I am excited to tell you that I just released the alpha version of my “Pydont's” book, a book that compiles all the “Pydon't” articles you can read here. You can get the book at leanpub: leanpub.com/pydonts.
In this short series I will be guiding you on how to implement a neural network from scratch, so that you really understand how they work. By the time we are done, your network will be able to read images of handwritten digits and identify them correctly, among other things.
It is incredible that nowadays you can just install tensorflow or pytorch or any other machine learning framework, and with just a couple of lines you can train a neural network on some task you pick. The downside to using those libraries is that they teach you little about how the models actually work, and one of the best ways to understand how something works is by dissecting it, studying it and assembling it yourself.
Throughout the series I will be assuming you are familiar with the general idea of how neural networks work. If you have no idea what a neural network is, it is with great pleasure that I recommend you watch 3blue1brown's video(s).
Being familiar with matrix algebra and a bit of calculus (knowing what derivatives are and understanding them) will make it easier for you to follow along, but you don't really need to be a master of these subjects in order to implement a neural net: the first time I implemented a neural network I didn't know matrix algebra nor derivatives. I will be giving intuitive explanations of what is going on at each step, and then proceed to justify them with the calculations needed. Feel free to skip the formal calculations if you are in a rush, but bear in mind that going through those is one of the things that really helps the knowledge sink in.

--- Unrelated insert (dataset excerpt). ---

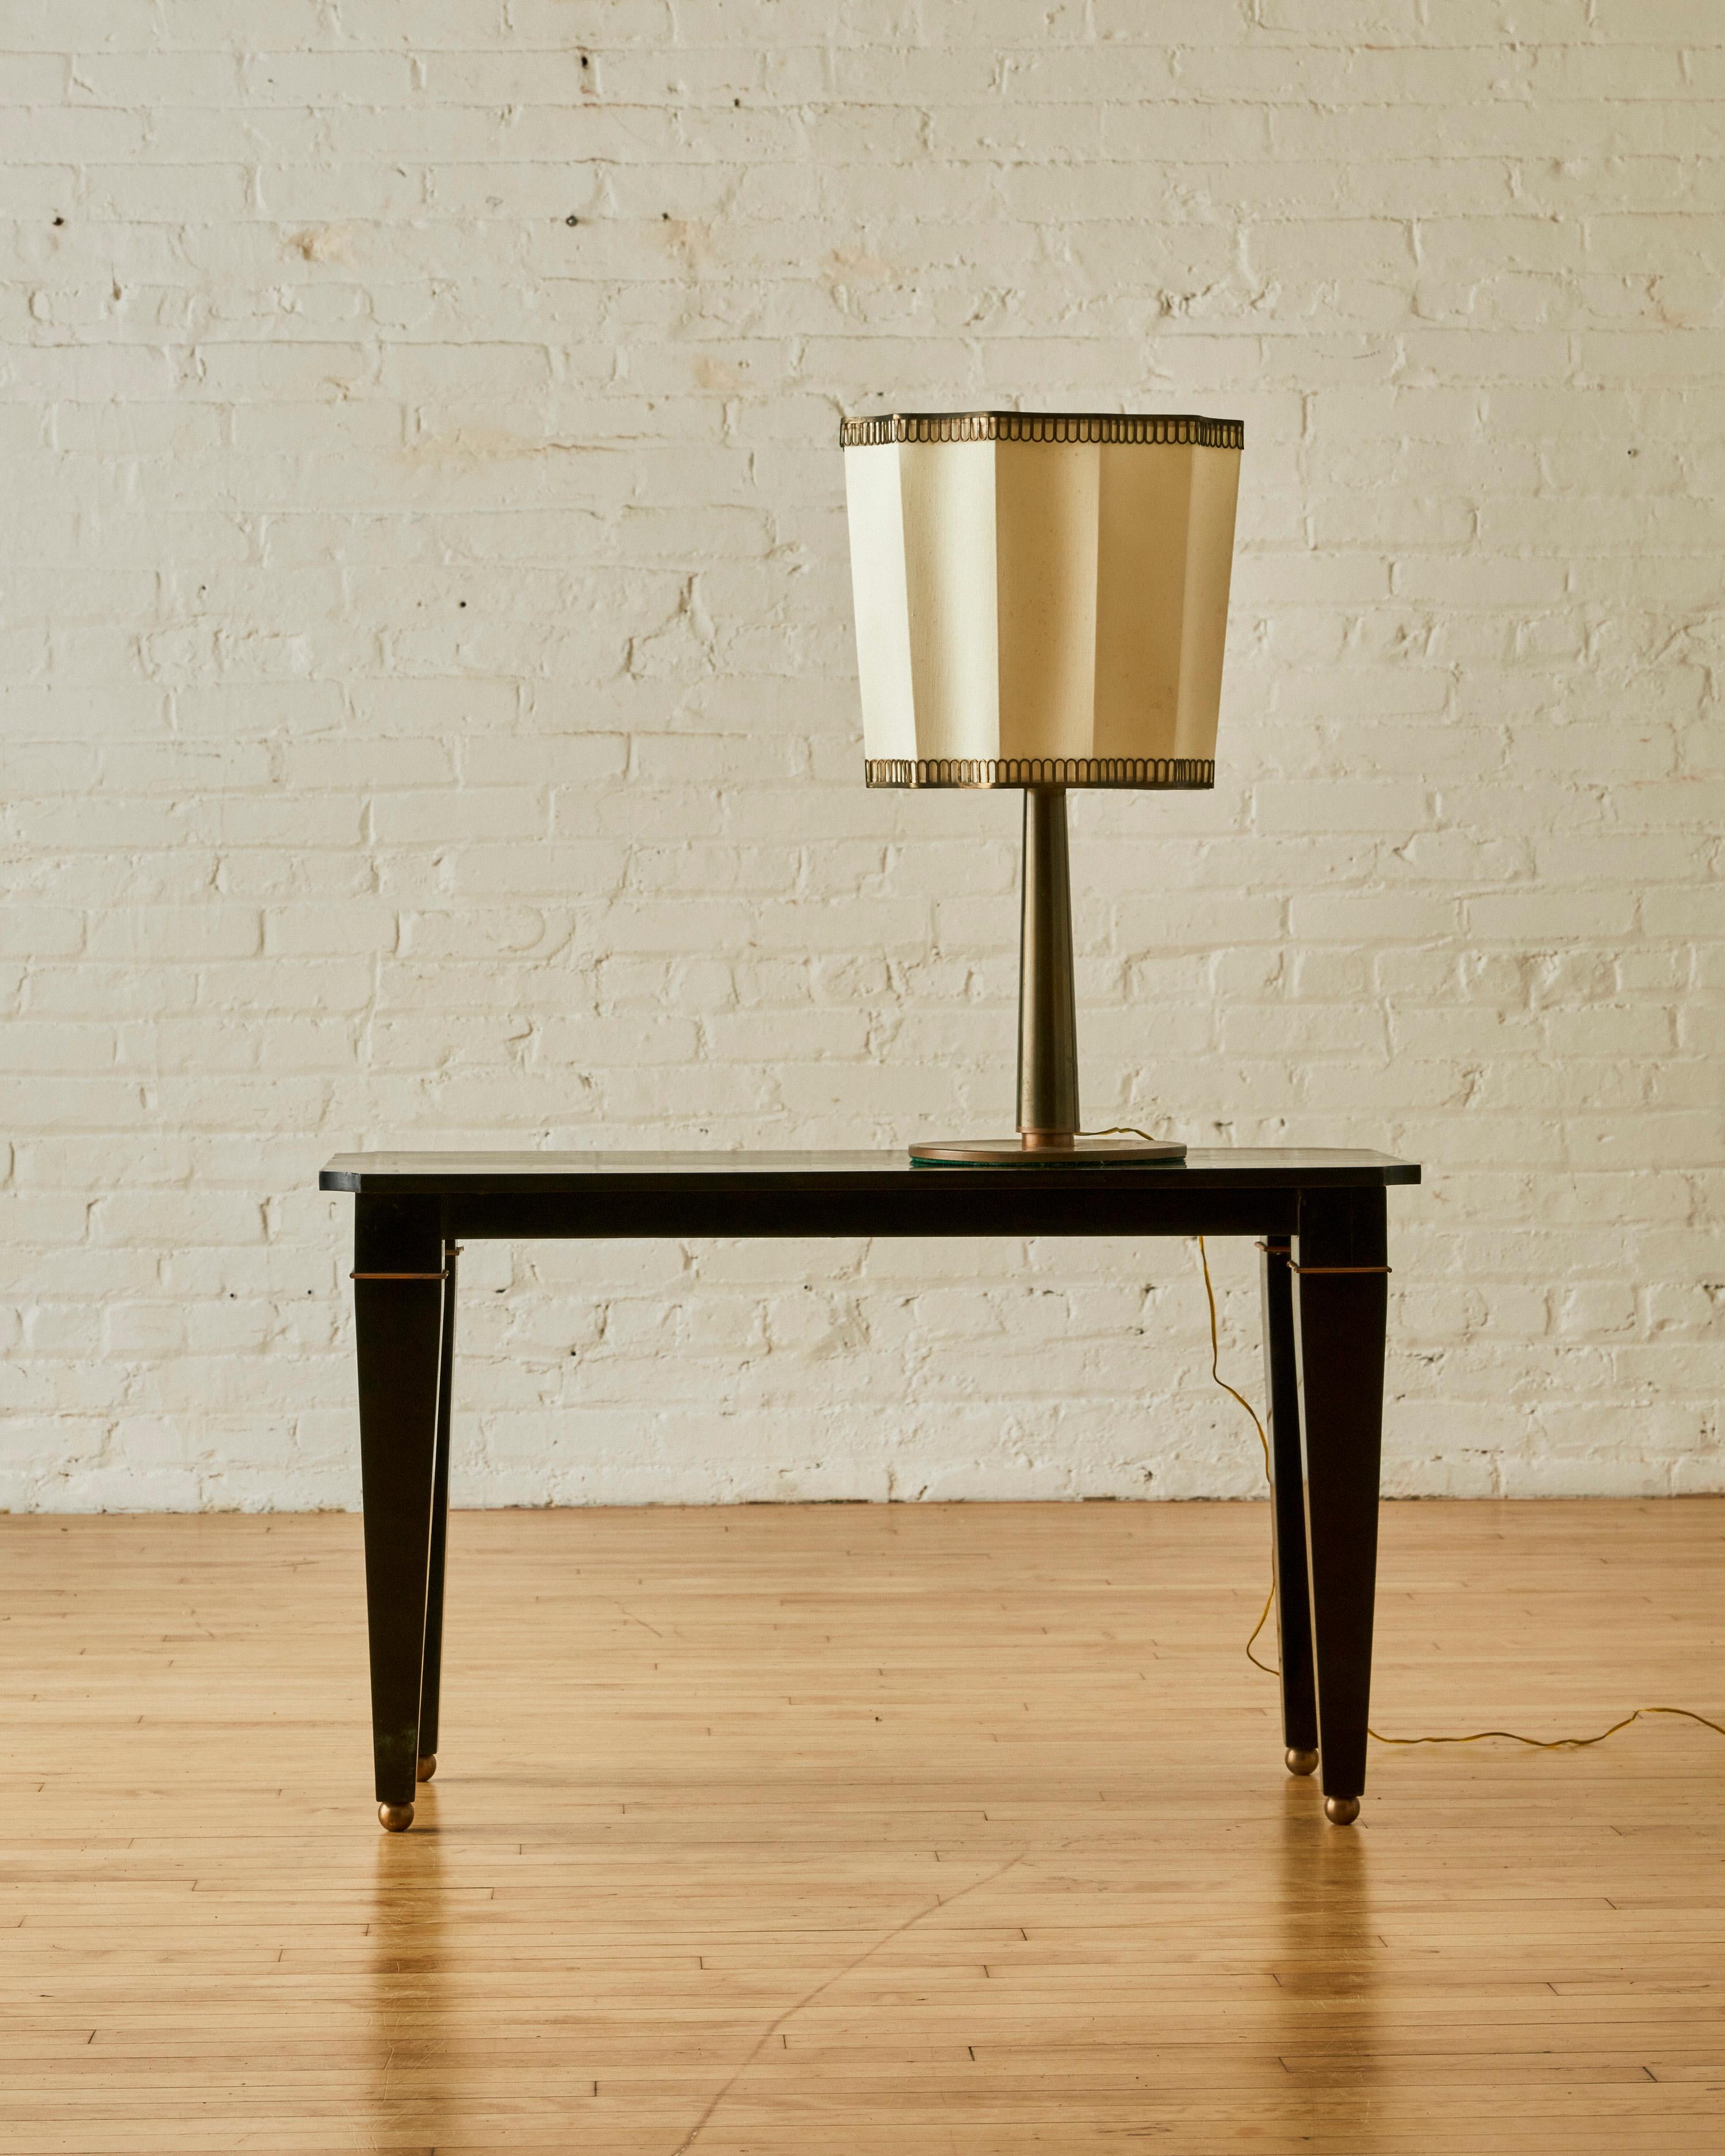 Italian Art Deco Table Lamp with a box pleat shade.

In this article we will be setting up for the remainder of the series. First, I will be covering what needs to be installed. Then we will be taking a look at some of the more basic things we can already implement: we will be modelling and initialising layers, the backbone of any neural network.
In order to follow along you will need to have Python 3 installed (I will be running all my code in Python 3.9, which is my main installation at the time of writing this article) and you also need to have NumPy installed.
NumPy is a Python library for numerical computations and we will be using thoroughly
for its matrix algebra capabilities:
turns out it is much easier to implement a neural network if you do most of your
operations in bulk, instead of doing everything by hand with
for loops and whatnot.
(Which is what I did the first time, and let me tell you it was not pretty...)
Installing NumPy should be effortless, but check out their instructions in order to know the exact line you need.
Whenever I am doing a project, I usually spend a bit of time thinking about the components I am going to need and how they will interact. Then I need to pick a place to start, and I tend to start some place where I will be producing code that works, so that I can actually see progress happening in terms of result, instead of just seeing the number of lines of code increase.
The first thing we could try to do is create a representation for a layer of a neural network and implement a way to initialise it, so that we have something palpable to play with right from the get-go. But what is a layer in a neural network?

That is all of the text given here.